Determining the better forecasts should account not only for accuracy but also for timing. As announced on the website of the Good Judgement Project, the goal is to ‘see the future sooner’. Rightly predicting that the price of oil will be 200USD next January for instance is good, but predicting it in September is better than predicting it in December. If forecasts are meant to help with planning, having the most accurate forecasts earlier also matters.

Therefore we were interested in finding out whether compromise forecasts would be better not only in their end results but also how they compared through time with the aggregate of individual forecasts. To do so we consider the prediction errors ([28]; known as ‘Brier scores’ or ‘forecasting error’, based on the difference between a probabilistic forecast and the actual truth value of the final report of the event) provided by individuals from interactive groups of the Good Judgement Project, who registered forecasts between 2011 and 2015.

Our results show that harnessing the benefits of deliberation is better served by compromise forecasts than individual forecasts: averaged predictions were consistently more accurate through time.

2. Methods

We report a reanalysis of the data reported originally by the Good Judgement Project [29] (‘GJP Data’,, Harvard Dataverse, V1; These data (and the details of the experimental procedures from which they were obtained) have already been described in a number of previous publications (e.g. [8,9,30,31]).

2.1. Source

Between 2011 and 2015, the Good Judgement Project recruited people online to participate in a forecasting tournament funded by the Intelligence Advanced Research Project Activity (IARPA, U.S. government) aiming to produce accurate geopolitical forecasts. Forecasting questions, called Individual Forecasting Problems (IFPs), were released periodically by the IARPA. Participants posted their forecasts up until a designated deadline indicated in each IFP. The team with the best forecasting accuracy would win the competition. Some examples of IFPs raised in 2011 for instance would include:

‘Will Joseph Kabila remain president of the Democratic Republic of the Congo through 31 January 2012?’

‘Will a foreign or multinational military force fire on, invade, or enter Iran before 1 September 2012?’

For a complete list of questions see the file ‘ifps’ in the ‘GJP Data’ as described above.

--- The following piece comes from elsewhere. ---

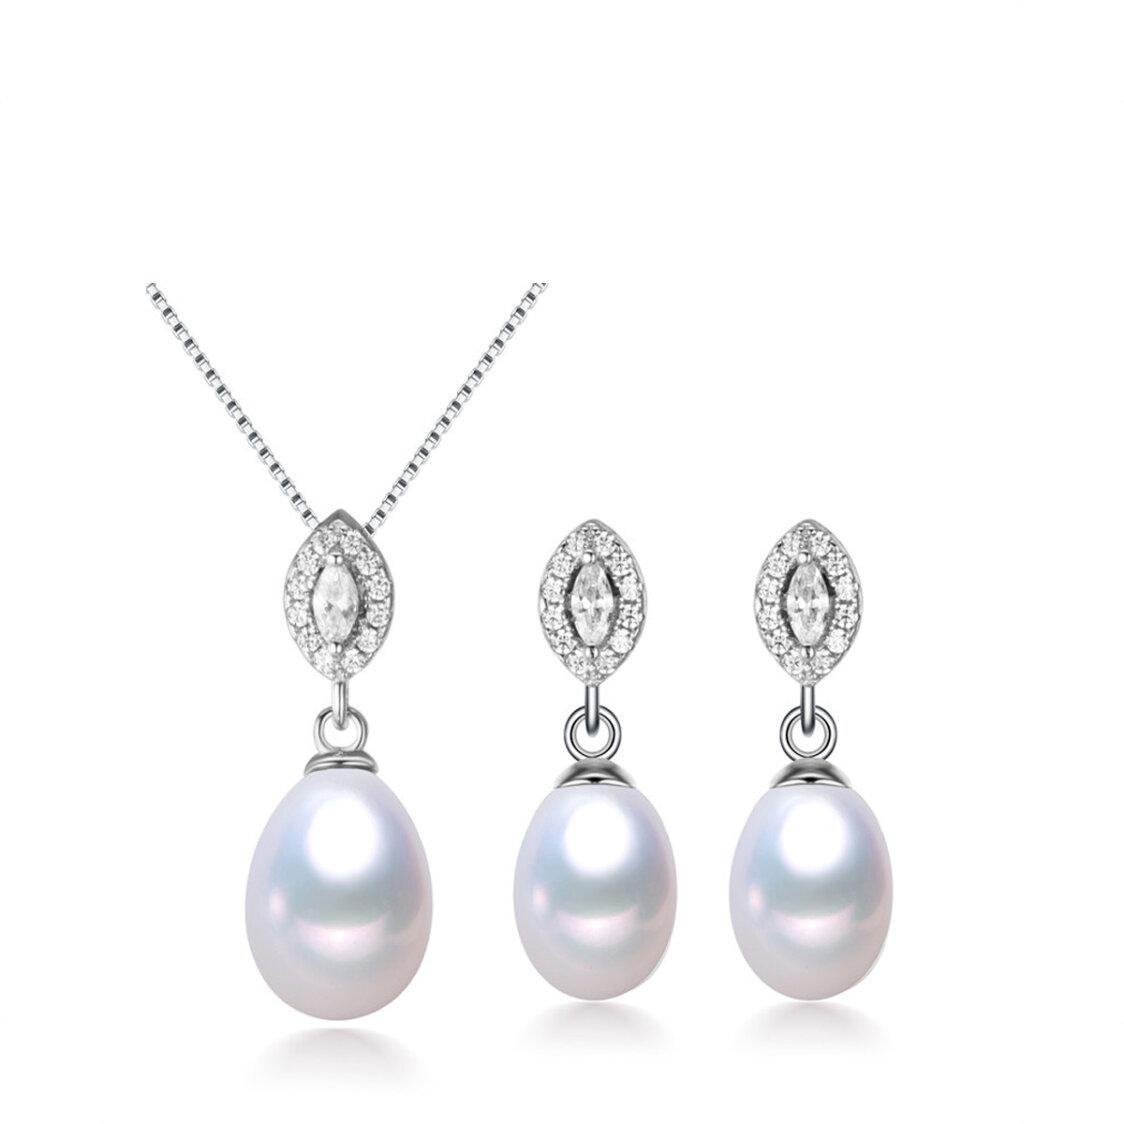 Fresh Water Pearl Pendant  Earrings Set in 925 Sterling Silver - EJset4

Within the Good Judgement Project website, recruited participants could log on as often as they wanted and post a new forecast (or update an existing one) on all open IFPs. For binary questions, such as the examples above, forecasts consisted of a probability estimate in the form of a number ranging from 0 (absolutely not) to 100 (absolutely yes). The source dataset consists of the IFPs, the forecast estimates of each anonymised participant and the eventual fate of each IFP as transpired by the corresponding deadline. The dataset also includes extensive demographic information about the participants.

3. Data analysis

3.1. Preprocessing

In this study, we focus on the forecasting performance through time, with different means of aggregation, as a function of the time between the submitted forecasts and the respective question deadline. From the original source data, we only analysed responses which obeyed the following inclusion criteria:

Responses to binary (yes or no, as possible outcomes) questions.

Members of interactive teams.

For each time interval analysed, a minimum of 5 forecasts per team were required.

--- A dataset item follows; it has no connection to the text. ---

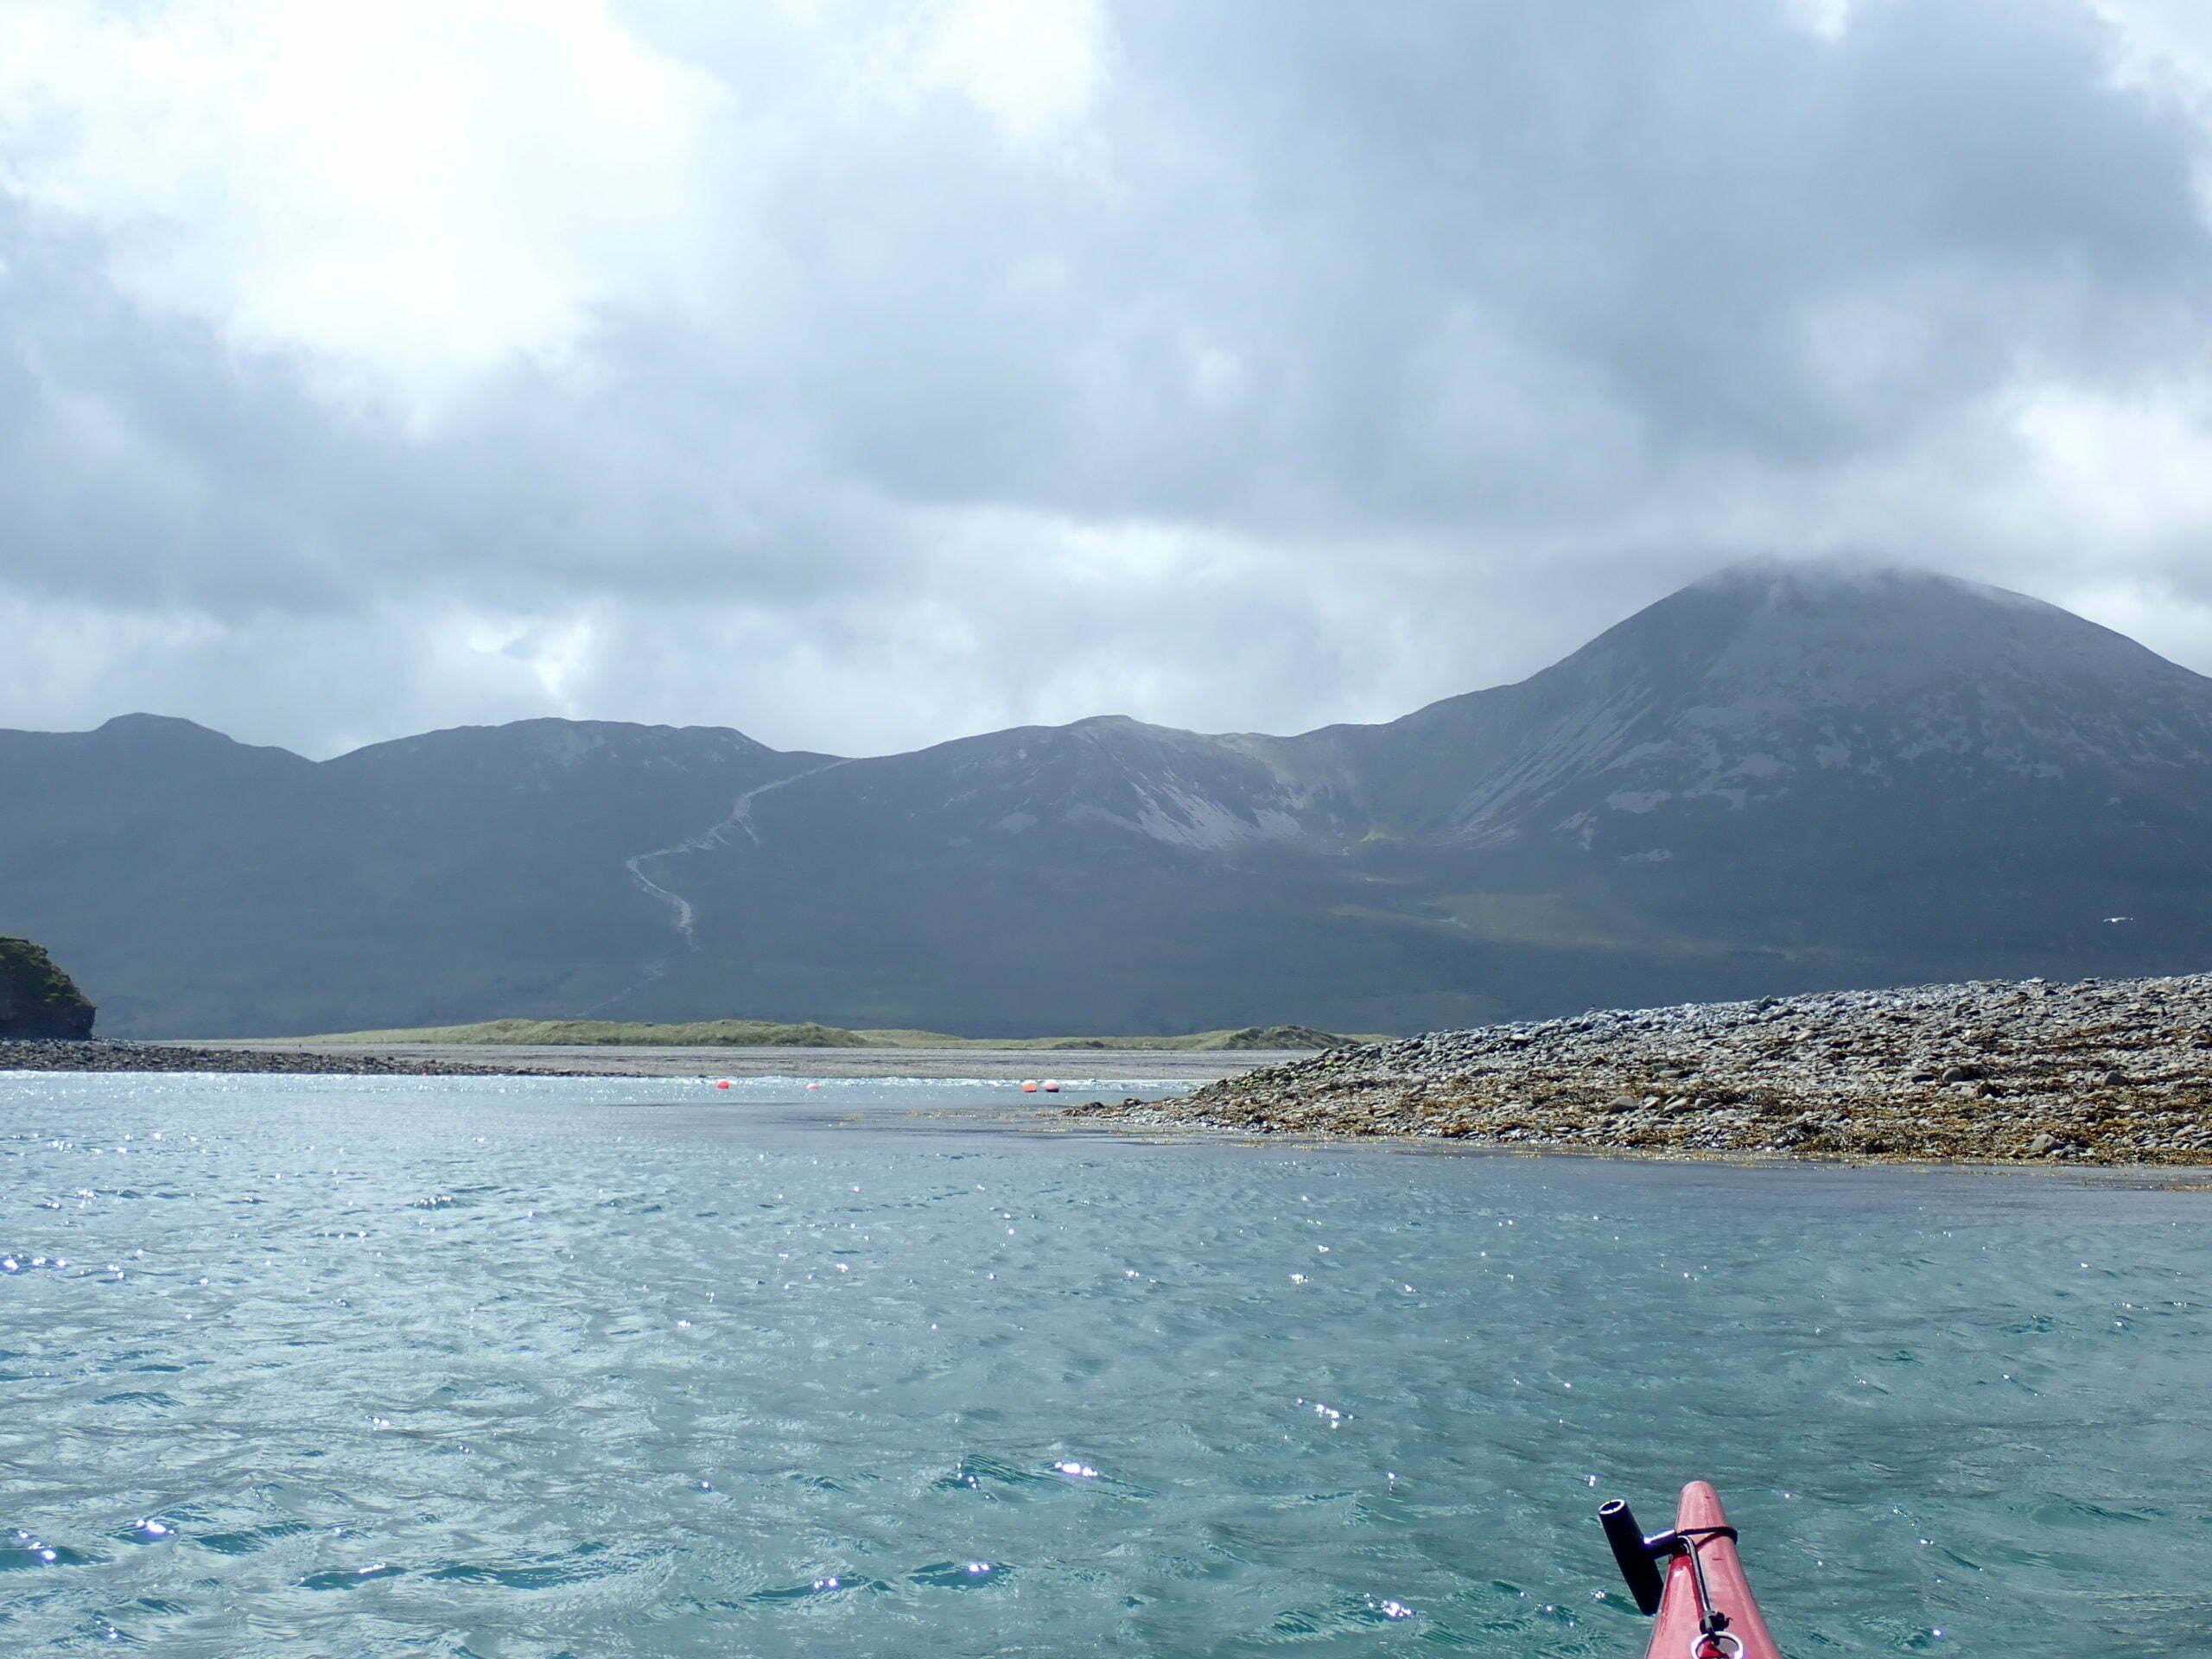 Seascape County Mayo

We decided to exclude two teams which we deemed outliers (Teams 1 and 2 from the original data structure). The reason being that these teams had 2157 and 273 participants, which was deemed detrimental to genuine interaction (see electronic supplementary material, figure S1 for Team sizes)

The resulting dataset spans 88 teams (7 ≤ team size ≤ 78), totaling 3067 individual forecasters. Individuals registered forecasts in response to 382 questions administered between 2011 and 2015. Participants had been selected to enter the project and were therefore not representative of the general public: they were predominantly males (81%) and US citizens (71%); their average age was 39 ± 14 (mean ± s.d.) and their level of education high (77% held a bachelor's degree, 50% a master/professional degree and 11% a doctorate degree). In addition, across the different years of the projects, individual forecasters went through different kinds of training.

3.2. Quantifying forecast error

Our focus was the binary IFPs, i.e. Individual Forecasting Problems where users had to assign a probability to whether a given event would happen in the future. Because all questions in the database had already been concluded, the correct outcome for each IFPs was known to us. Therefore, for each forecast entered by each participant at any point we could calculate a forecast error score. We used the Brier scoring rule [28]. Brier scores are the sum of the squared deviation between the forecasted probability and the real outcome:

where Forecastyes and Forecastno are the complementary probabilities assigned to the event happening and not happening, respectively. Outcome is 1 if the event did happen and 0 otherwise. For example, if I assign a 0.7 probability to raining tomorrow, and it does end up raining, the Brier score of my forecast would be calculated as follows:

Possible scores range from 0 indicating perfect accuracy, e.g. forecasting rain with certain (100%) probability and having rain the next day, to 2 indicating a hopelessly wrong opinion, e.g. forecasting rain with 100% probability followed by a dry day. A chance level (50–50) forecast would always return a Brier score of 0.5. Because higher Brier scores indicate lower prediction accuracy we refer to Brier scores as a measurement of ‘forecasting error’ interchangeably.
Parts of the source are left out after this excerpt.